If you are planning a Passover Seder, it is important to have the right items and foods to ensure that the ritual is performed correctly. Here is a list of items and food that you will need for your Seder:
Matzah: Matzah is unleavened bread that is eaten during Passover to commemorate the haste with which the Israelites left Egypt. You will need three whole matzahs per Seder plate per seder and two matzahs for every other participant per Seder. 
Seder Plate: You can use a regular plate(s). You do not need to purchase a seder plate. While any plate can do, it is customary to use a beautiful plate to honor and venerate this momentous occasion. You do not need to buy a new one each year.
Matzah Covers/Afikoman Bags: Matzah covers have been made from a wide range of fabrics and even from silver, ornately designed in honor of the special mitzvah. They often come with matching bags in which to place the afikoman. If you are unable to obtain a matzah cover, stack the matzahs atop each other, with each matzah resting on a piece of cloth or napkin.
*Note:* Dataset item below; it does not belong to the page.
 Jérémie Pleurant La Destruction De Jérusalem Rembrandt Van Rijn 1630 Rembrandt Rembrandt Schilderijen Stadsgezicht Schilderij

Cover the top matzah with a cloth as well.
Wine and/or Grape Juice: During the Seder, each person should drink four cups of kosher wine or grape juice. The goblets must be filled to the top for each of the four cups, so make sure to buy enough for four full goblets per person plus a little extra.
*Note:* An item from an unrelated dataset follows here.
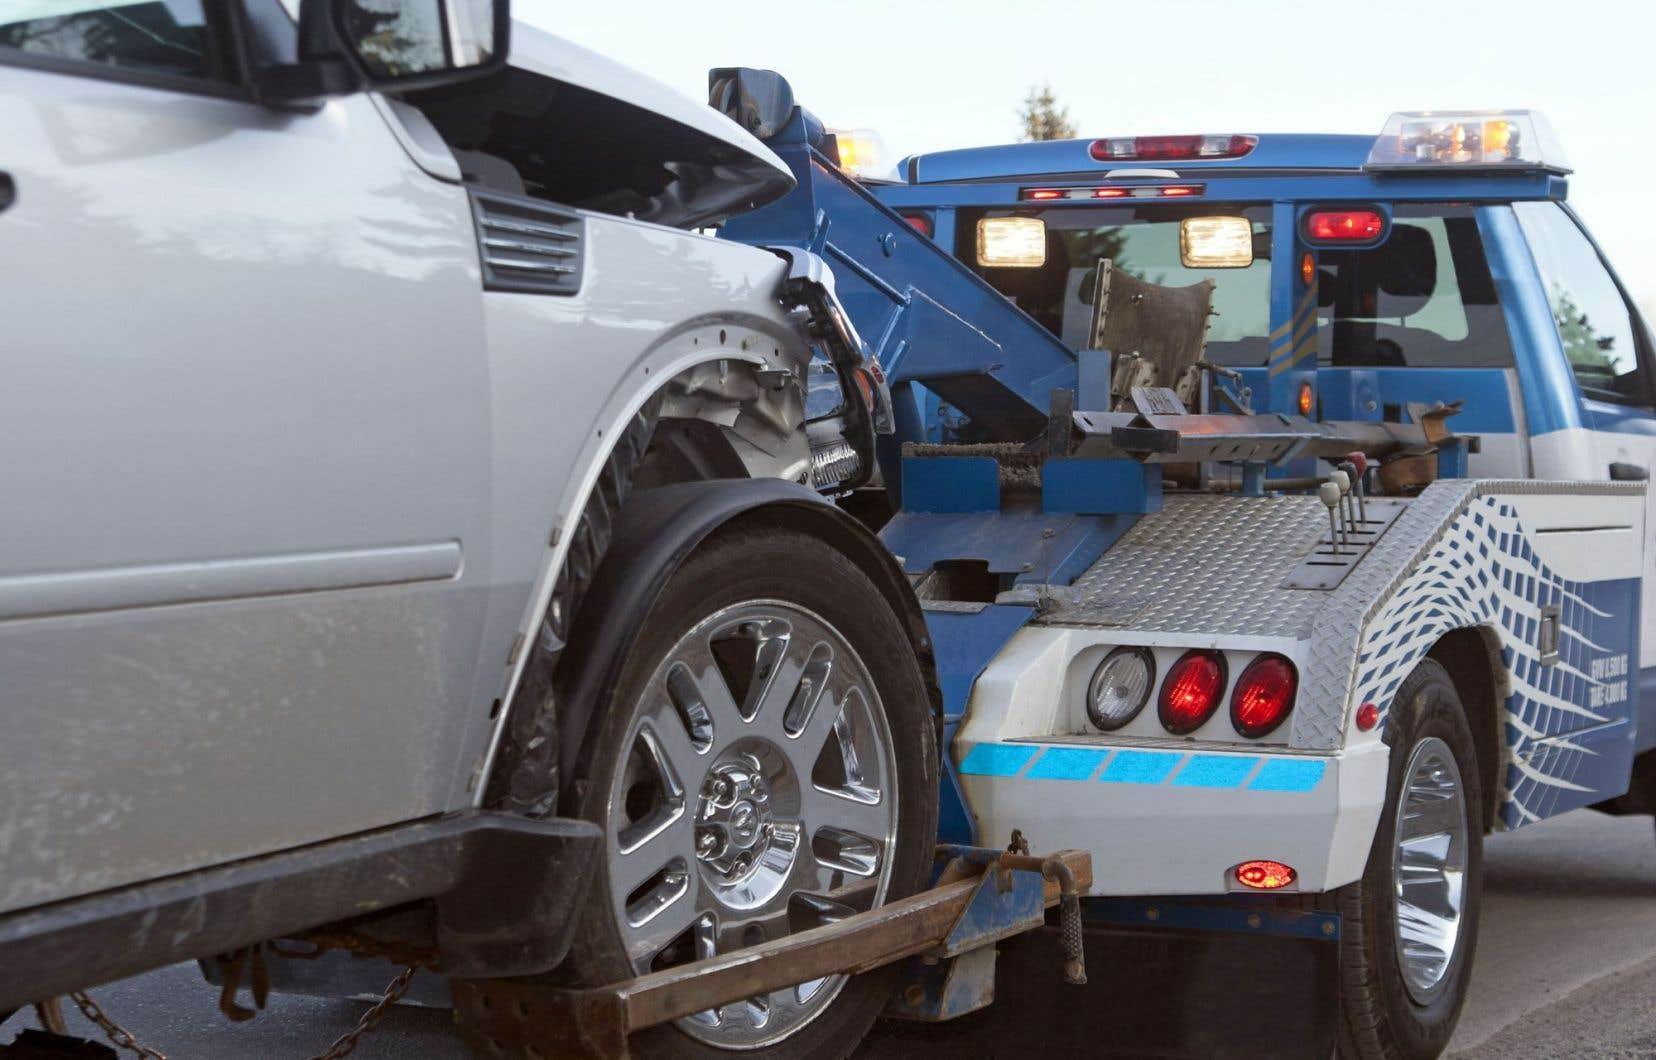 Selon le Bureau de l'inspecteur général, le crime organisé s'est emparé en quelques mois du secteur très lucratif du remorquage de voitures accidentées à Montréal.

Wine Goblets: Each person should have his or her own wine goblet. The goblet may be made of any material. 
Maror (Bitter Herbs): Make sure to purchase enough for each person to have a portion at least the size of an olive for the ninth and tenth steps of the seder respectively. 
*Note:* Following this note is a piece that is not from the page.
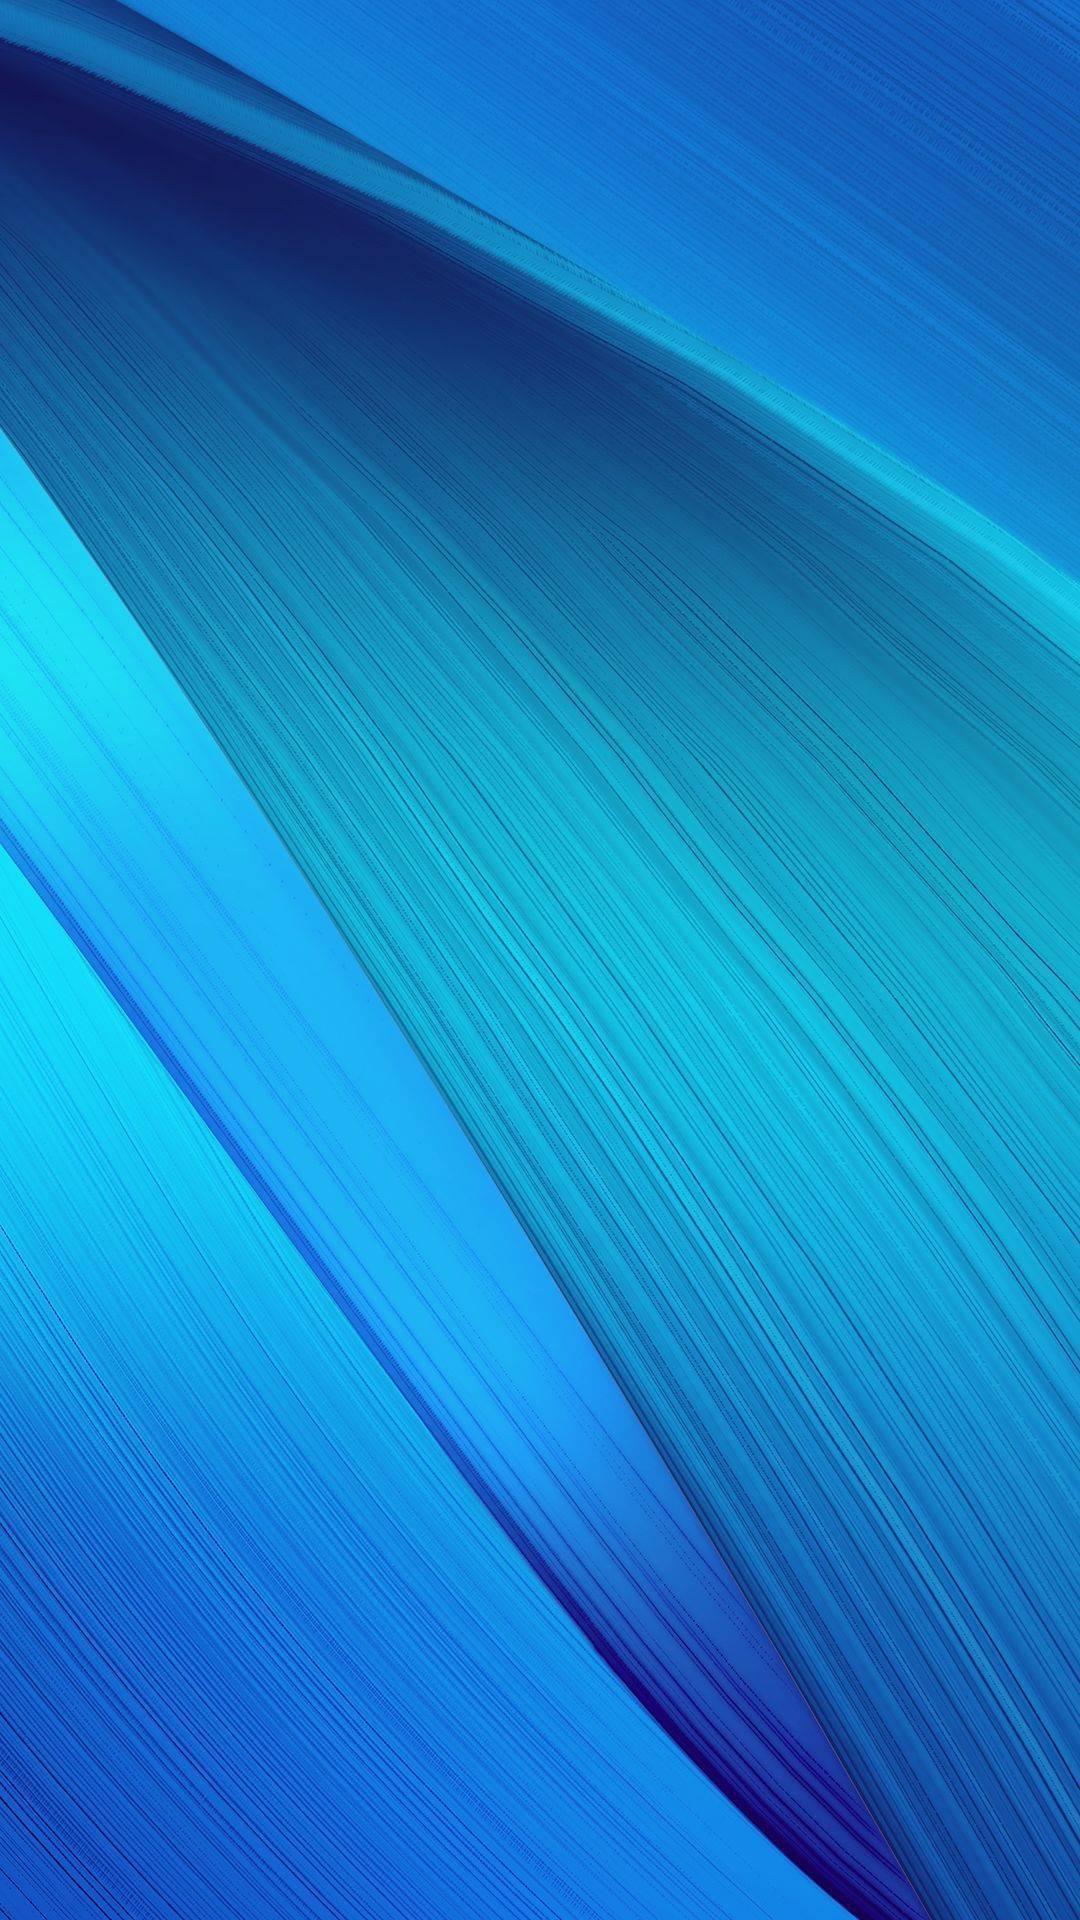 Asus Zenfone 2 Stock Wallpapers Full Hd Download

Haggadahs: Ideally, each person should have his or her own Haggadah so as to make it easier to follow along and participate in the Seder. The Haggadah has been translated into tens of languages—you are sure to find one that speaks yours!
Ingredients for Charoset: The Chabad custom is to use ground walnuts, apples, pears, and red wine. Others may add one or more of the following: cinnamon, ginger, figs, dates, pomegranates, and almonds. 
Zeroah (Roasted Shank-Bone): Each seder plate will need one zeroah. The Chabad custom is to use a section of a fowl's neck bone and to remove almost all of its flesh so that it does not resemble the Paschal sacrifice. Others use the leg of a chicken or an actual shank-bone. Whichever you use, it should be well-roasted.
Beitza (Hard-Boiled Egg): You need one hard-boiled egg per seder plate.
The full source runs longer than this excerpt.